I’ve posted before about how the file-based sterility of MP3 listening habits blot out much of the romance of musical discovery, and how the concept of an album as an indivisible artistic totality has all but been erased (I’m not so sure that’s a bad thing – there’s a whole lot of crap on a whole lot of good records, and I scuttle dud tracks without a shred of guilt).

Adding to the discussion, Dave Mandi wonders what shuffle mode is doing to the art of the segue — the ease (and the thrill) of letting a computer or an iPod choose tracks from a collection at random is diminishing the art of the well-selected transition. In Praise of the Segue:

With MP3s becoming the de facto currency of music listening and trading, and with shuffle mode becoming a more and more common way of programming an hour of music—Apple’s recent introduction of the iPod Shuffle is pretty clear evidence of that—the art of the set and the segue is in imminent danger of dying. … We have the opportunity to create greater meta-masterpieces than ever, tailored to people’s moods, or the time of day, or the weather. Why destroy all that by getting lazy and pushing the “shuffle” button?

It’s all true, but… I love shuffle mode, not afraid to admit it. Creating thoughtful transitions is something I make time for when burning the Christmas CDs. For daily listening, accidental random musical collisions charge me up.

Music: Dandy Warhols, The :: Be In

Dolphin Trainer

Woke up the other day wondering about my career, and trying to figure out how it is that I didn’t end up as a dolphin trainer, which was clearly my destiny. Life is strange. Dad sagely reminded me that as a dolphin trainer (probably living out of a van behind SeaWorld) I would have days where I’d wake up wishing I had become a webmaster. I’m sure he’s right, but dang, just imagine what it would be like to work with dolphins rather than professors!
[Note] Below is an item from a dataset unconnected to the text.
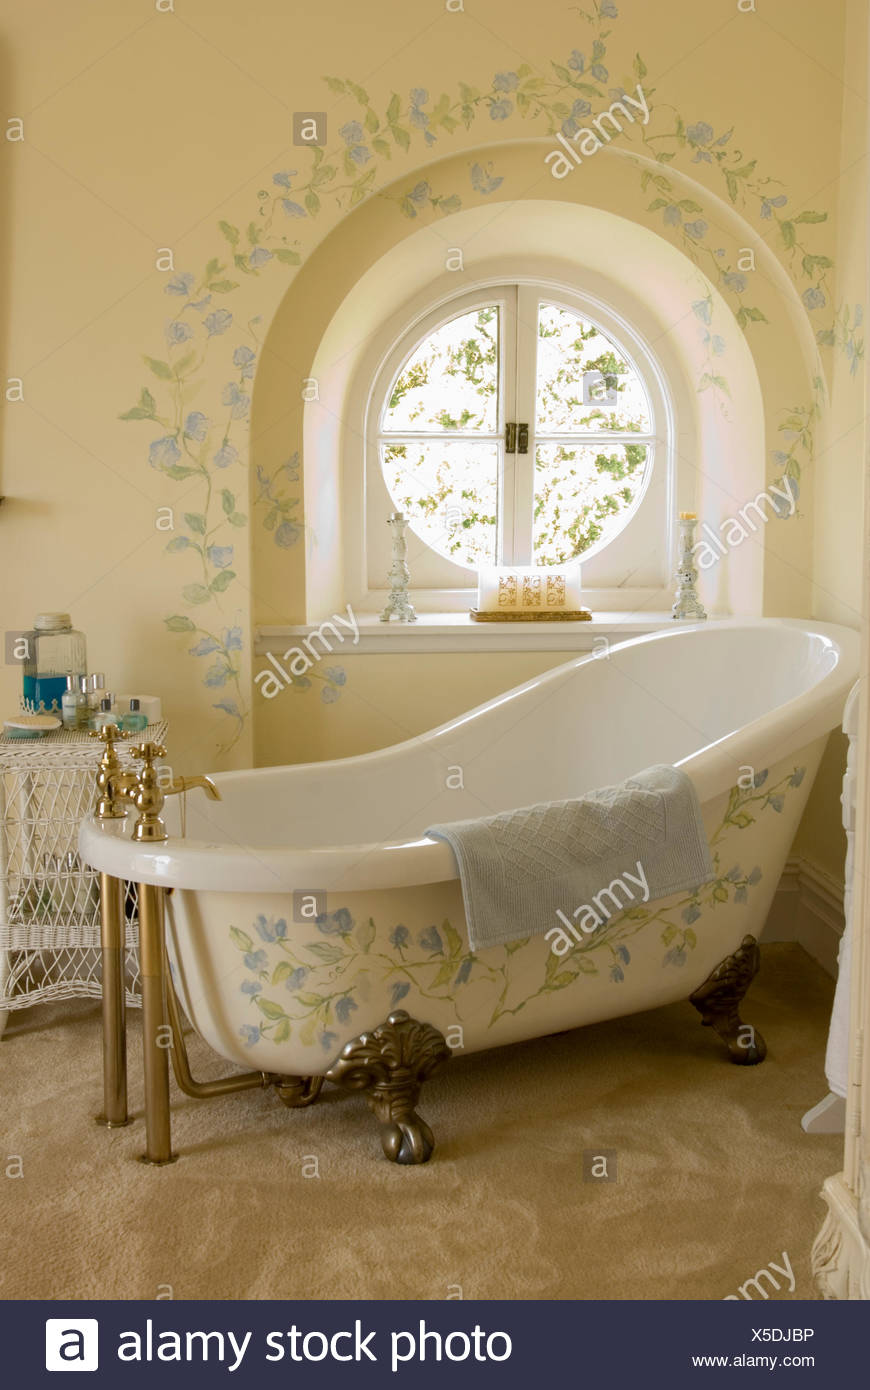 Hervorragend Creme Bad Mit Floraler Bemalung Auf Rolltop Bad Vor Kreisrundes Fenster Mit  Passenden Dekoration An Wand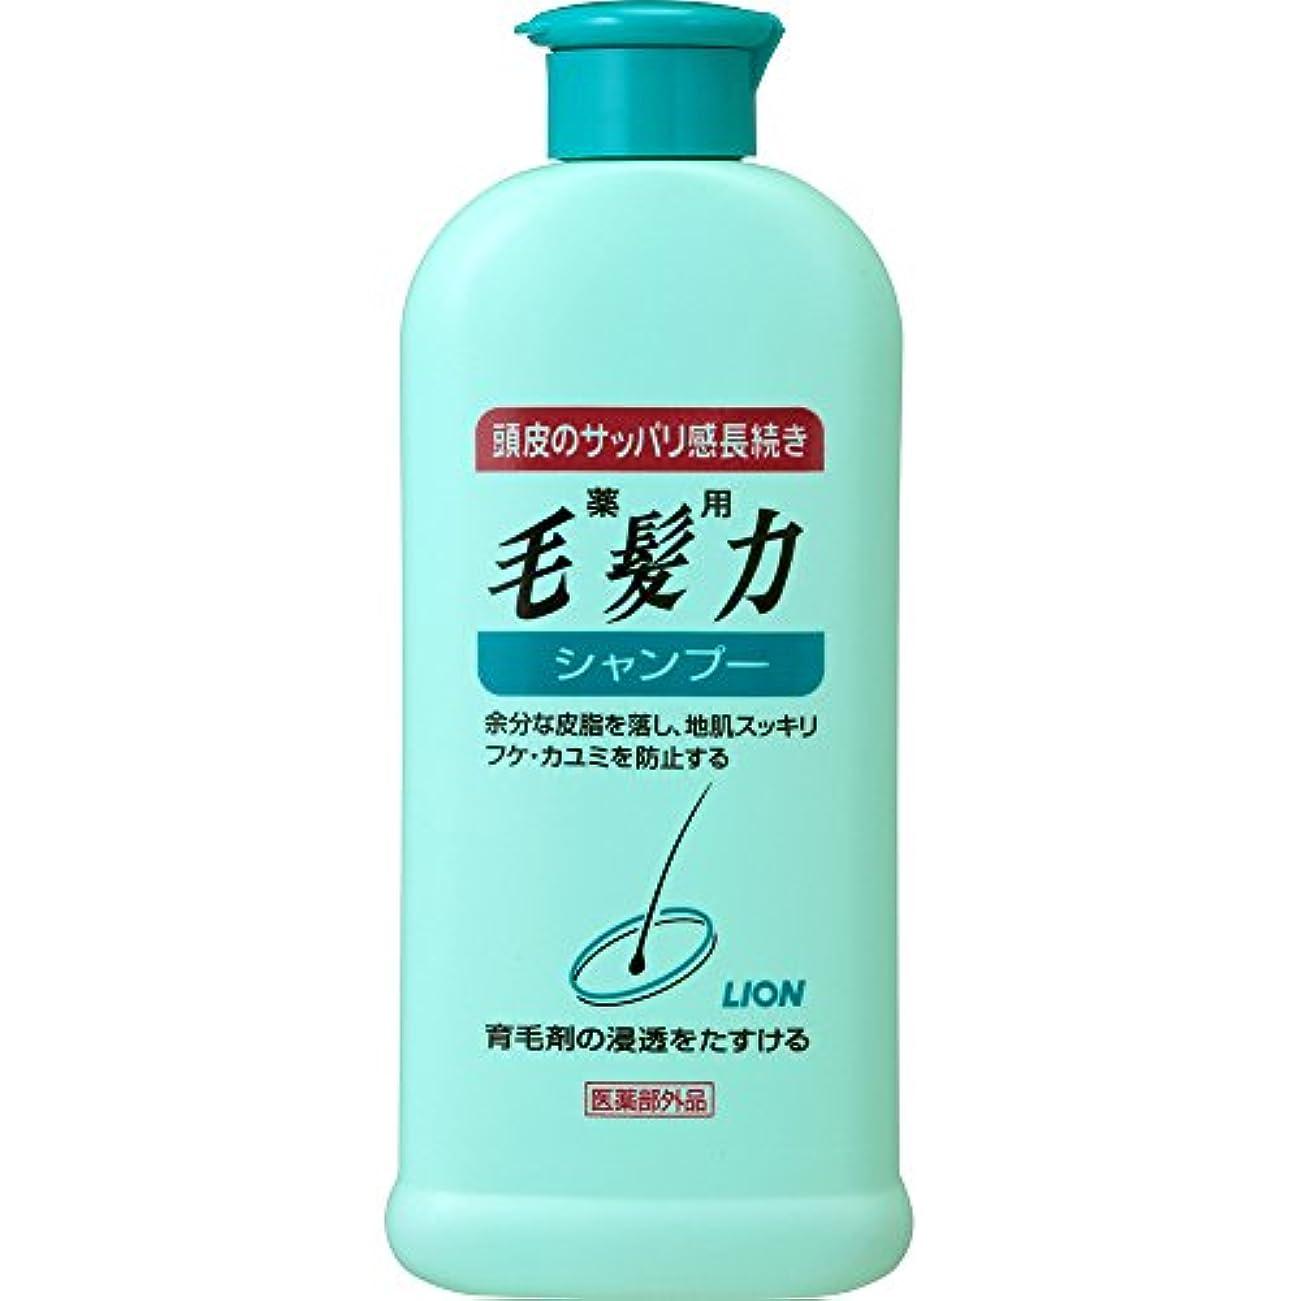 ぴかぴかゴネリル上へ薬用毛髪力 シャンプー 200ml(医薬部外品)

Music: Brian Eno :: Energy Fools The Magician

Cowbell, Vibraslap: The Unforgotten Staples

In SNL’s famous “Behind the Music” Cowbell skit [transcript], Christopher Walken is the producer during a Blue Oyster Cult recording session. Will Farrell is hard-driving on the cowbell through “Dont Fear the Reaper” — a little too hard-driving, his bandmates think. But Walken insists: “More cowbell. I got to have more cowbell.” The piece has cult status for a reason — we all know deep inside that the cowbell has been woefully under-appreciated in music history.

NPR makes amends with their tribute piece: There’s Just Something About That Cowbell, while The Cowbell Project archives every song readers can think of that centers on that luscious, penetrating sound. The site even calls Christopher Walken “The Patron Saint of the Cowbell.” You can also get Cowbell T-shirts to proclaim your adoration.

It’s the cymbal’s evil third cousin. It’s the dark ring that pounds in the back of your brain and lets you know, it’s time to rock. The cowbell is an instrument that can’t be overused. It should never be underused.

I’m glad for the cowbell that it’s finally being recognized for its place in rock history, I really am, but also feeling sympathy for the even less-lauded Vibraslap. If the cowbell is underutilized in modern rock/pop, the vibraslap is all but forgotten. Once upon a time, the vibraslap was a staple of both big orchestral rock and high school bands; now it’s less than a footnote. (MP3 excerpt from ELO’s “Jungle”):

Granted it’s kind of buried in the mix there — someone point me to a more prominent sample please — I got to hear more vibraslap.